Sat, September 7, 8:00 to 9:30am, Pennsylvania Convention Center (PCC), 204B

Abstract

The world wars were struggles for domination among race-based empires, waged by leaders who endorsed racist ideologies, featured several of the worst genocides in history, saw the widespread domestic persecution of racial minorities, and ended up sustaining imperial and segregationist political systems. They were also the foundational events that inspired much of modern international relations theory, a field which is currently reckoning with its decades-long neglect of racialized dynamics. Why then did predominant international relations theories end up neglecting dynamics that were so central to the historical events that gave rise to the field, and what does that say about the relationship between history and theory?

In this essay, we interrogate the ways in which racialized dynamics shape events, the historical narratives through which actors subsequently understand those events, and the theories scholars build based on those historical narratives. Taking as our starting point the axiom that the root of all theory is history—in other words, that scholars develop theories in an effort to generalize from the empirical narratives through which they understand the past—we develop a new typology of racialized dynamics spanning both the study and practice of international relations. In doing so, we focus not only on policymaking aspects like threat perception and the use of force but also academic aspects like the decisions where in time to bound a historical case study and through whose perspectives to assess the meanings and significance of events.

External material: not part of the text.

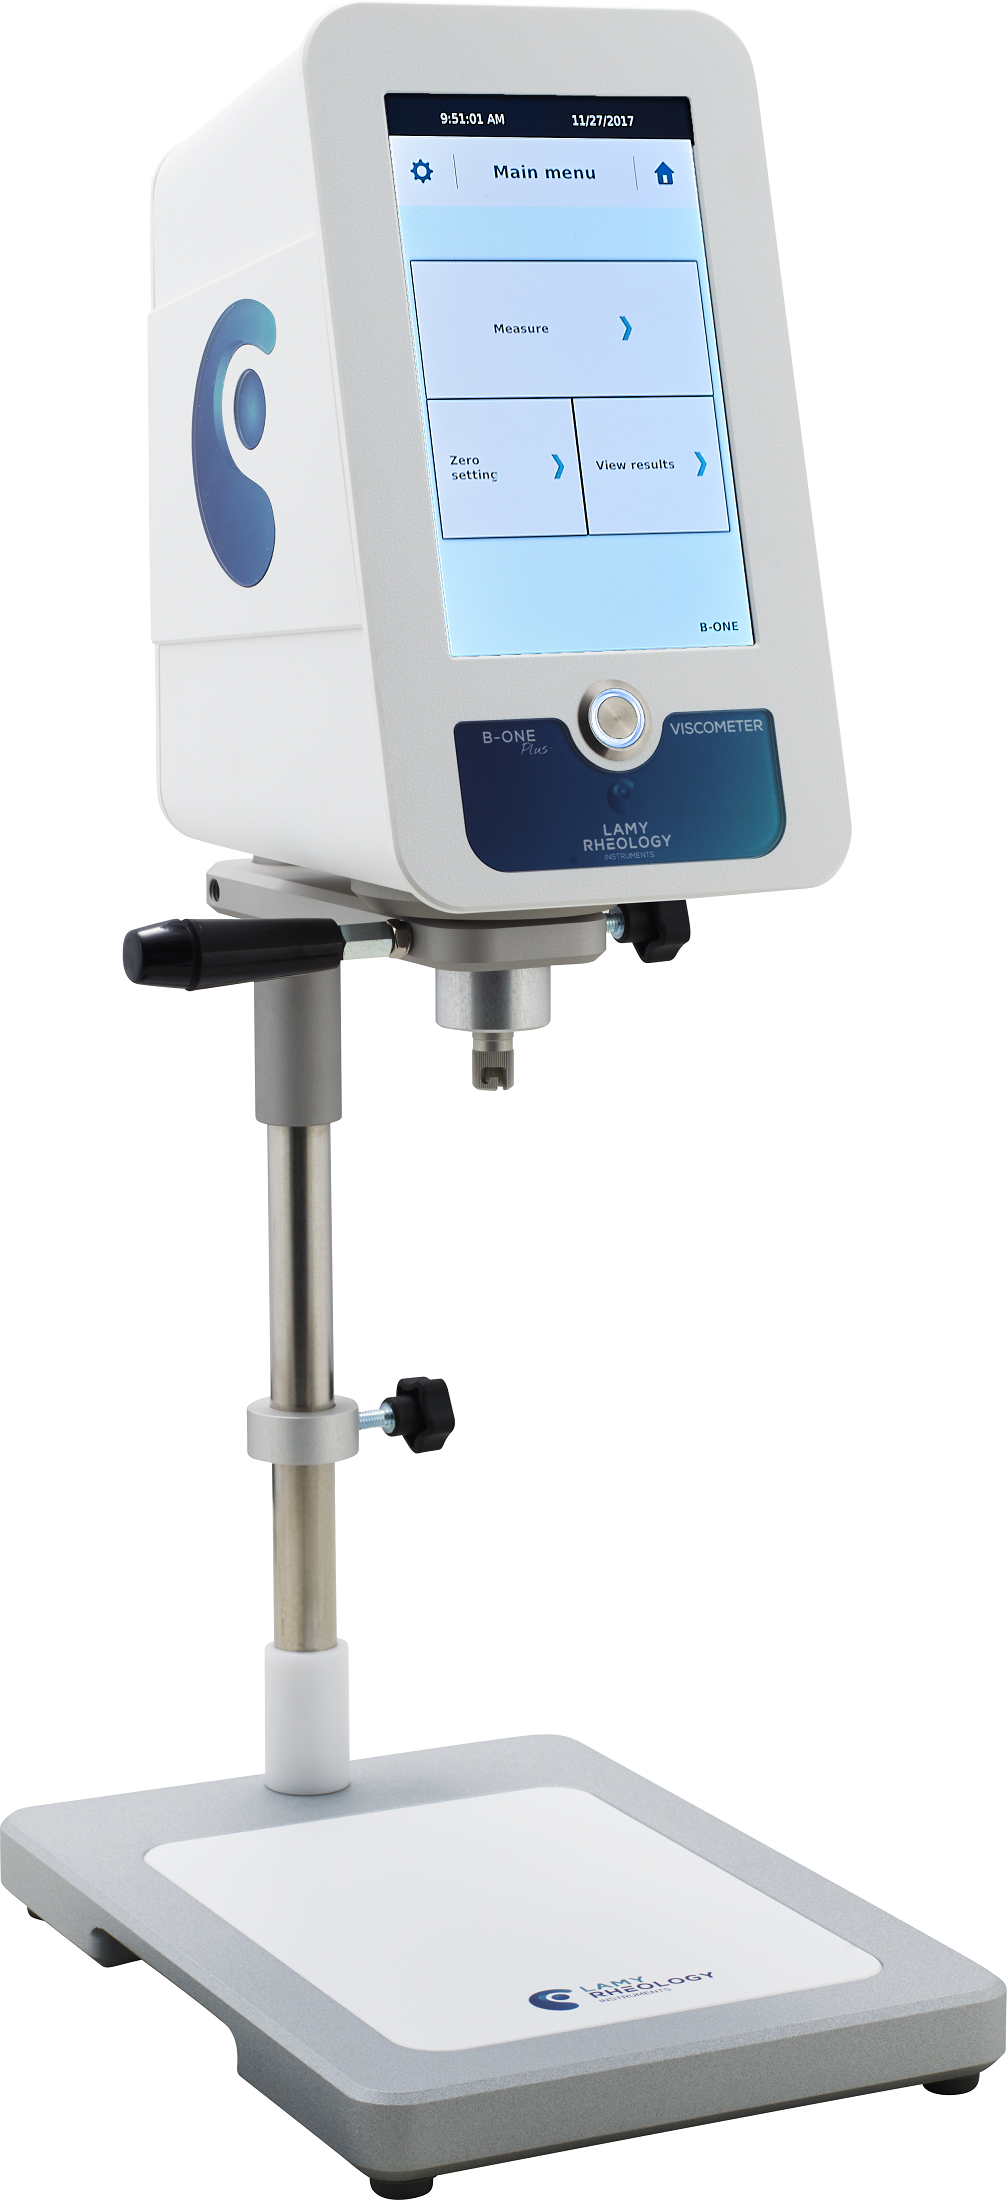 Lamy Rheology B-ONE Plus Rotating SpringLess Viscometer with 7" Touch Screen, Stand and R-2 to R-7 Spindle Set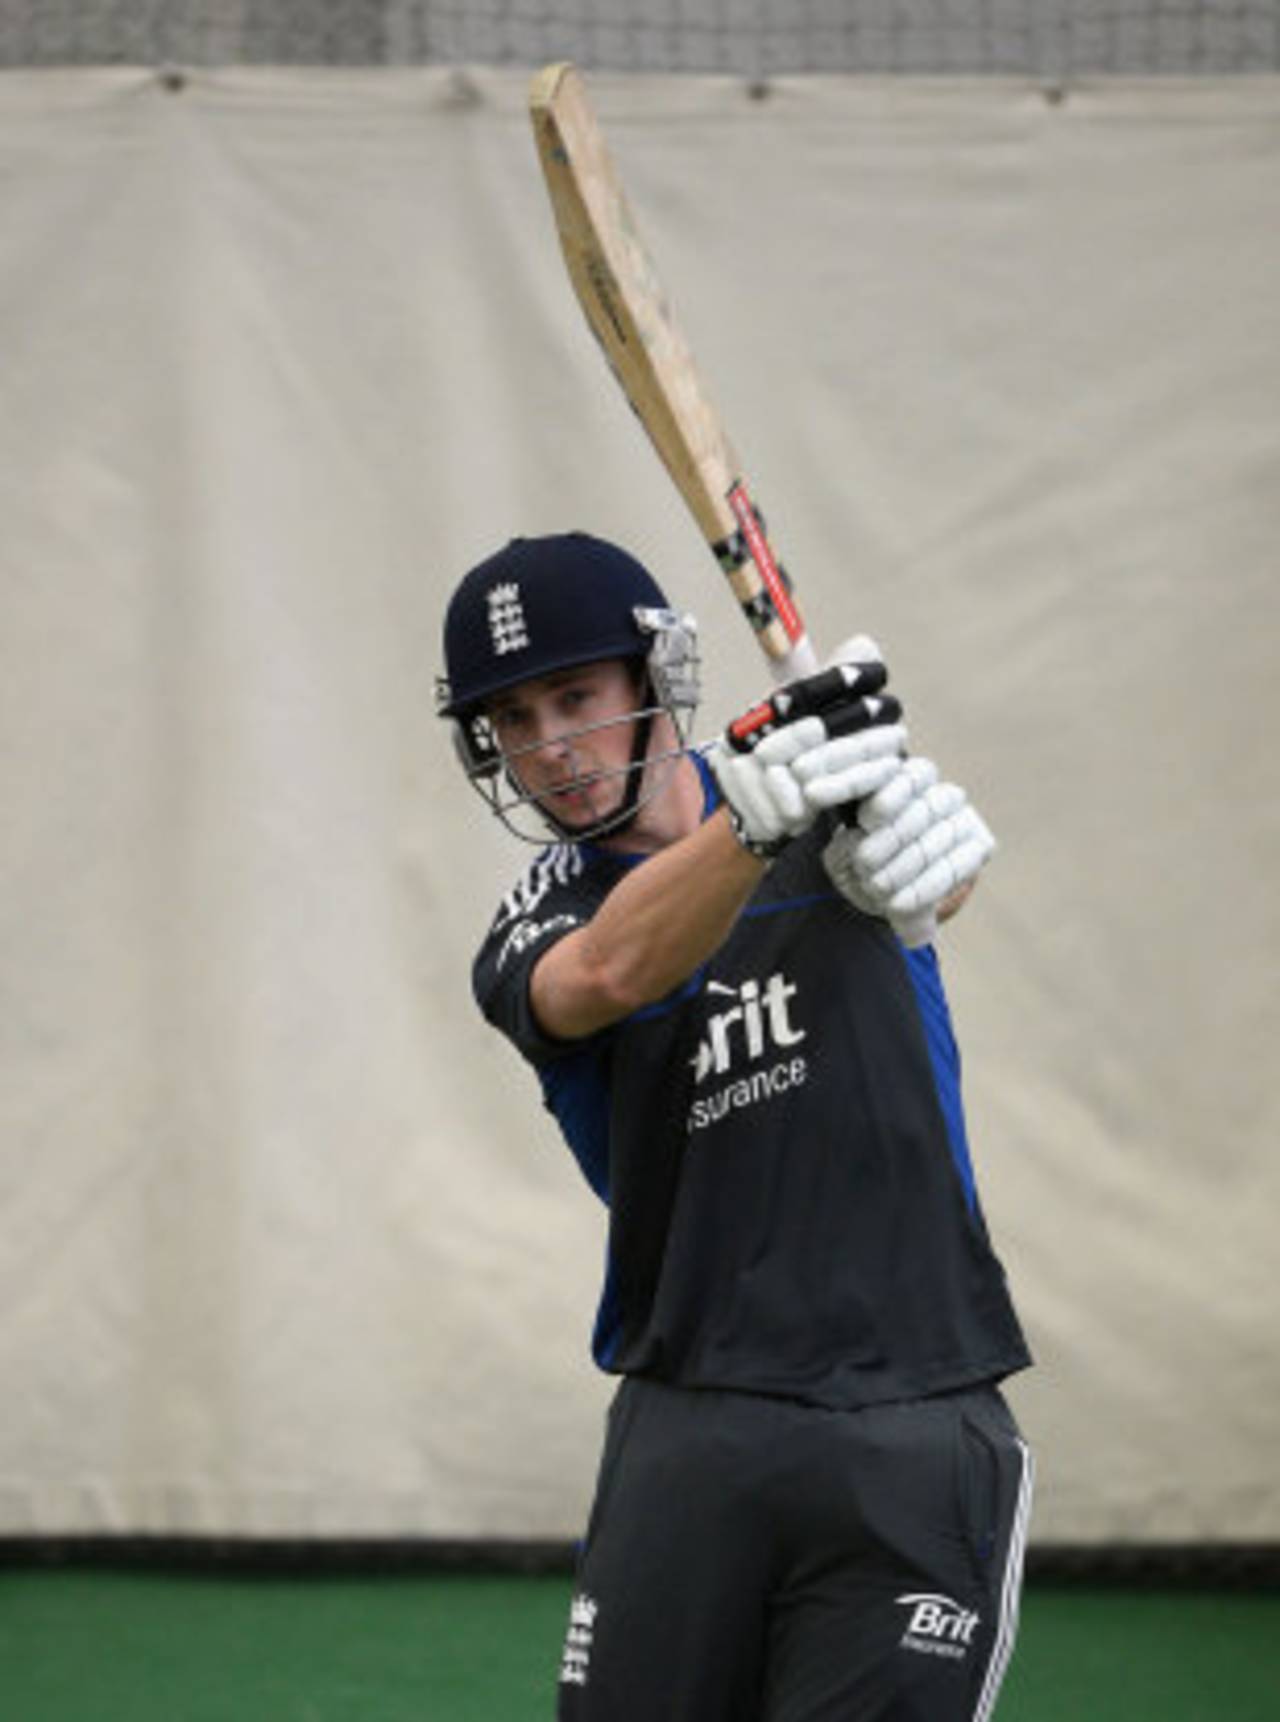 Chris Woakes is hoping to get his chance, Edgbaston, July 3, 2012

We use this typology to identify specific ways in which racialized aspects of the construction of historical narratives came into tension with racialized aspects of the events they were intended to illuminate, examining how the former overrode the latter in the development of international relations theory during the second half of the 20th century.

We illustrate these arguments by interrogating numerous aspects of the world wars era, including many that were commonly omitted from the major narratives that went on to inform international relations theory. Examples include the Russo-Japanese War, Italy’s invasion of Ethiopia, and the continuation of anticolonial conflicts before, during, and after the world wars. Drawing on contemporaneous observers whose perspectives differed from those that came to dominate the field, we demonstrate how those dominant perspectives obscured the centrality of racialized dynamics within the world wars and within world politics more generally. Our findings shed fresh light on the relationship between history and theory while simultaneously helping the contemporary field move forward reintegrating considerations of race and security.